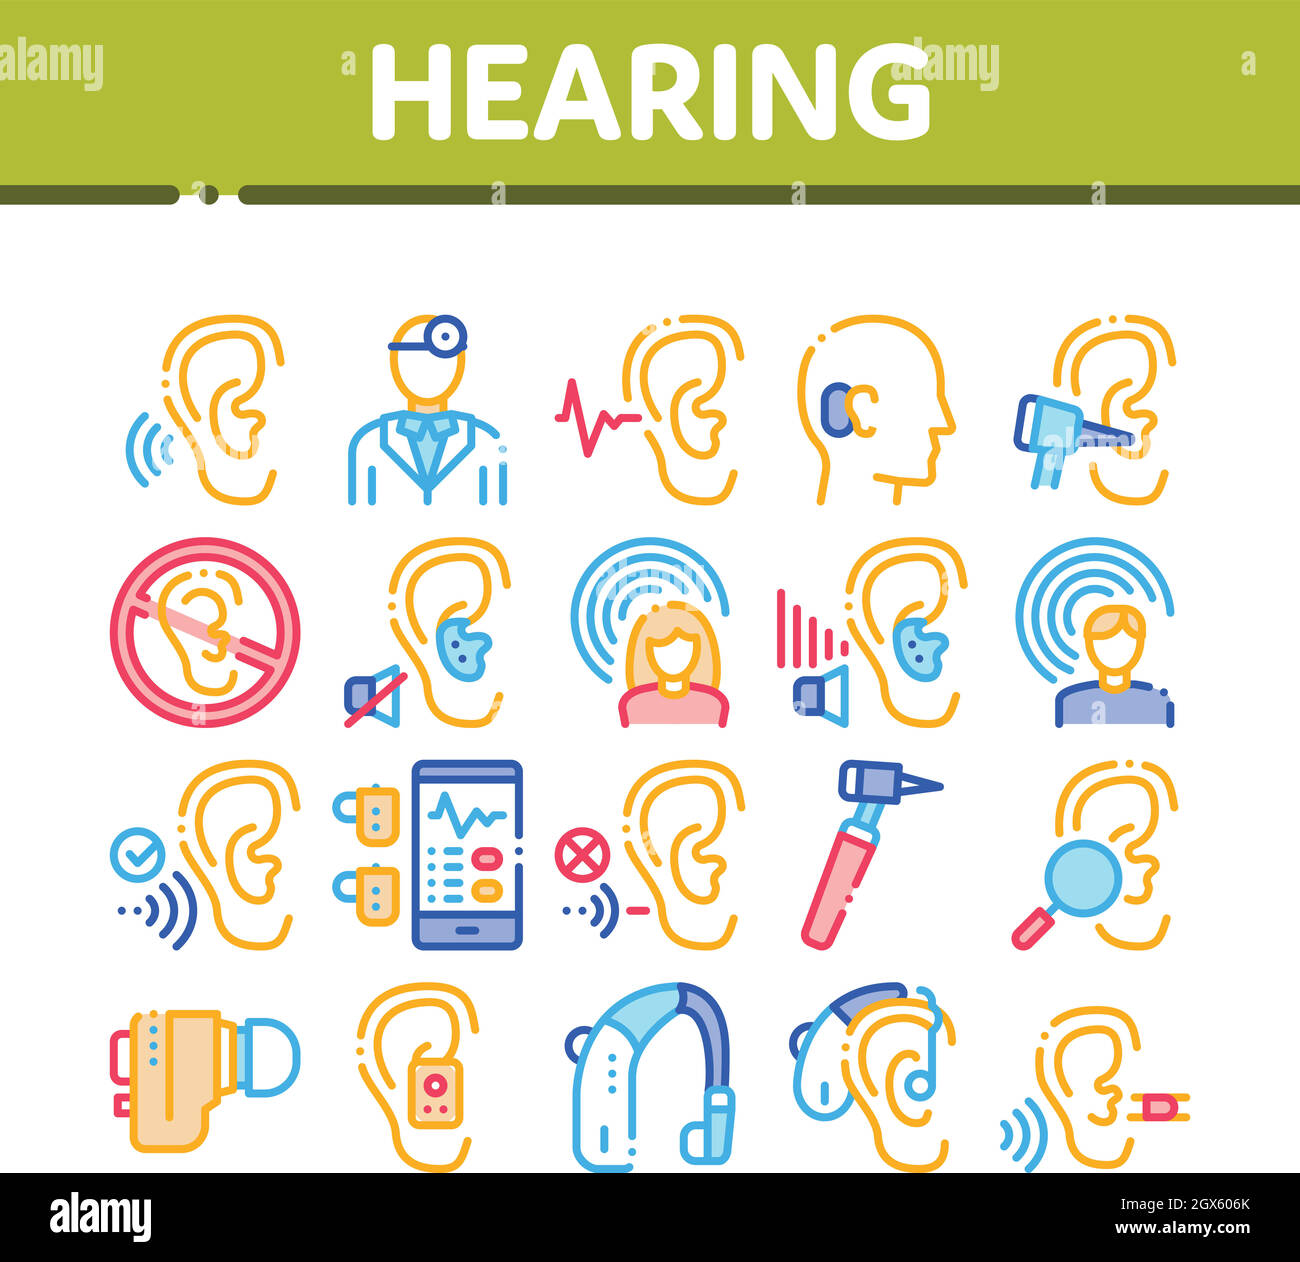 Hearing Human Sense Collection Icons Set Vector Stock Vector
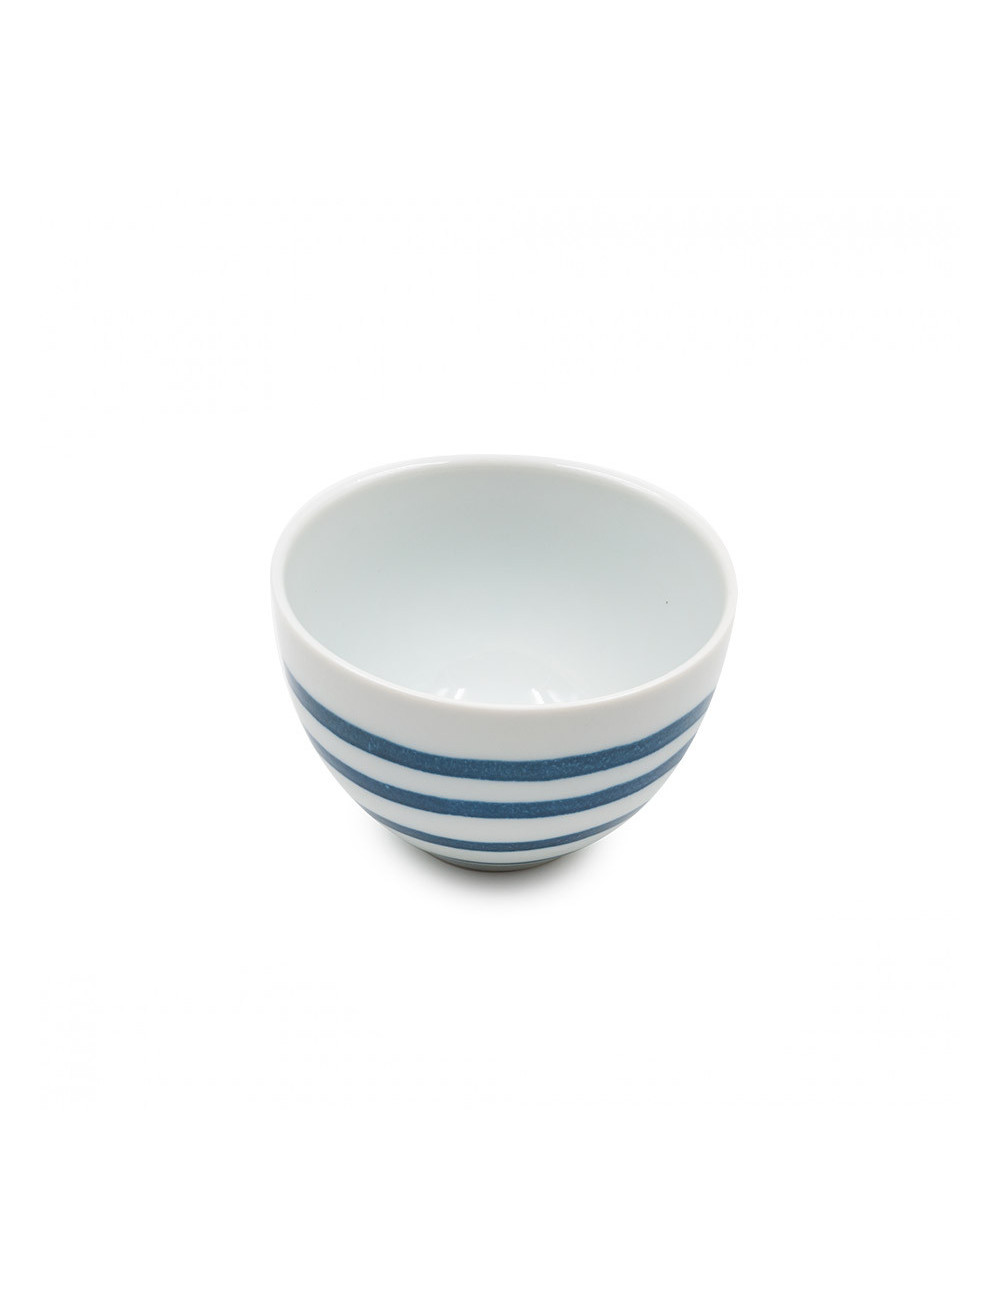 Showa ciotola per il tè stile giapponese in ceramica bianca - La Pianta del Tè shop online
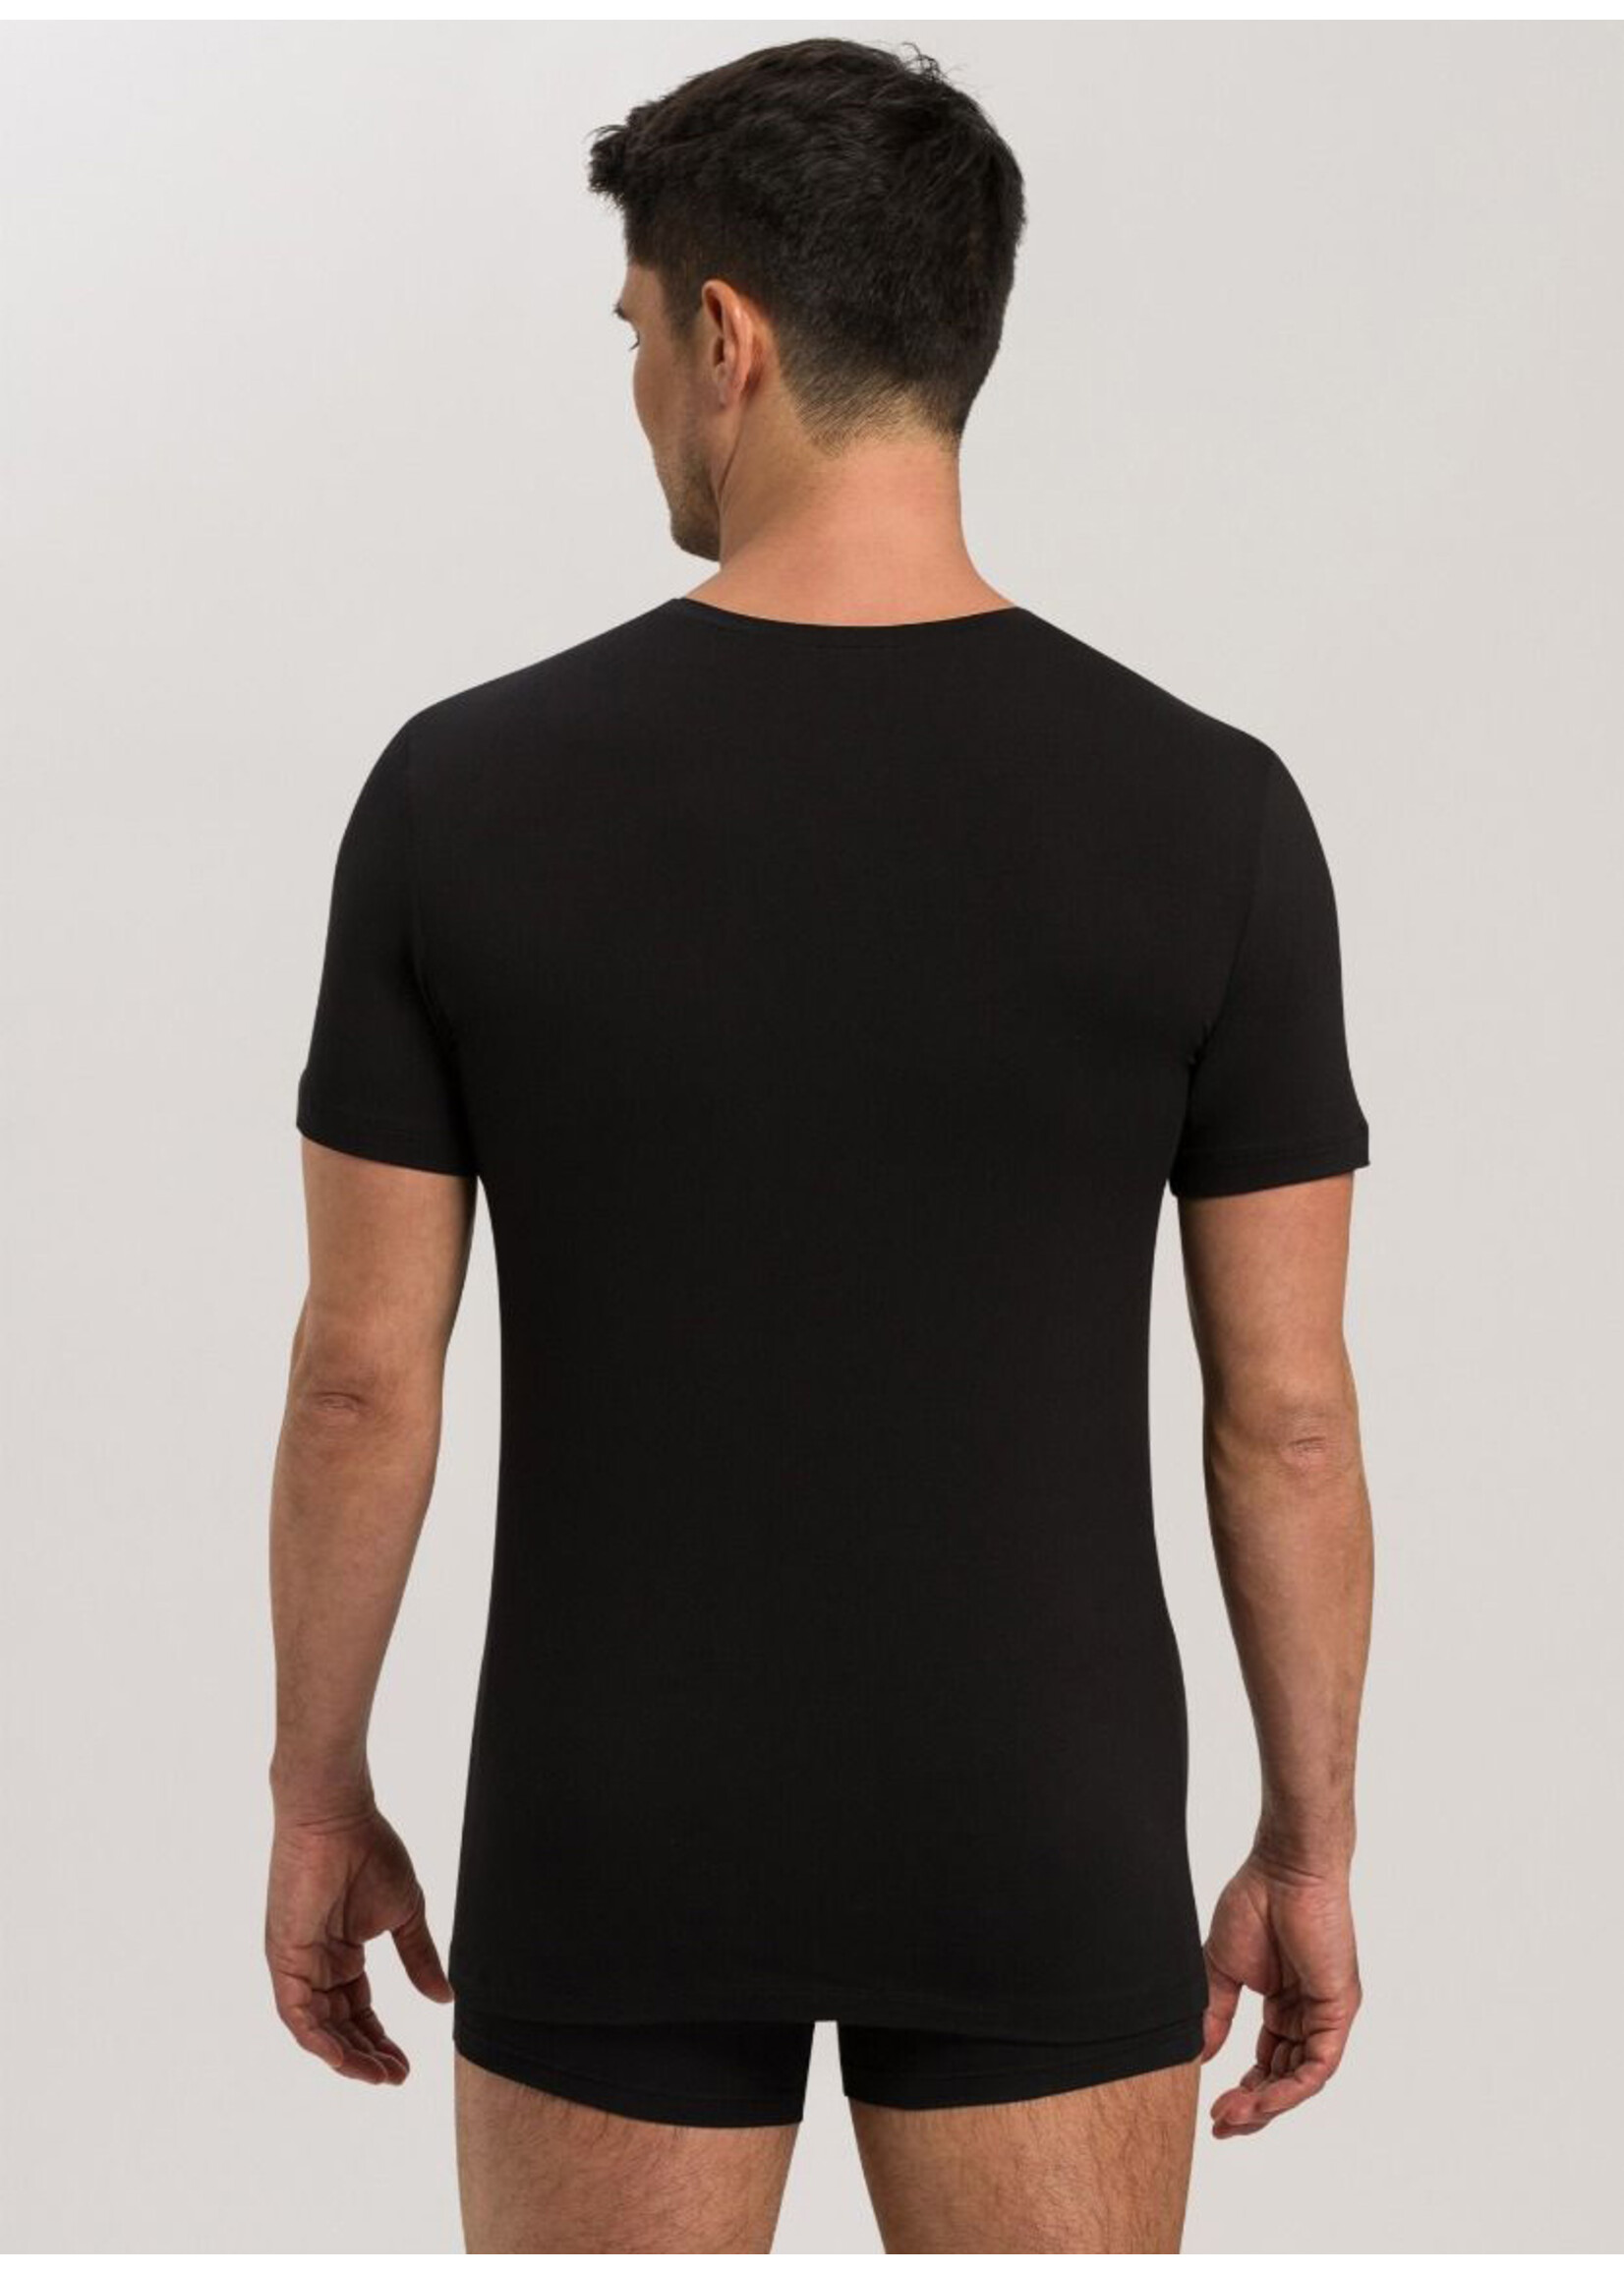 Hanro Shirt V-Neck Black Cotton Superior

TASK ITEM:
What is needed is a verbatim copy of the lines running from the one with "Showa ciotola per" through the last line of the listing above, excluding any pictures.

WRITTEN RESPONSE:
 Showa ciotola per il tè stile giapponese in ceramica bianca - La Pianta del Tè shop online
 Hanro Shirt V-Neck Black Cotton Superior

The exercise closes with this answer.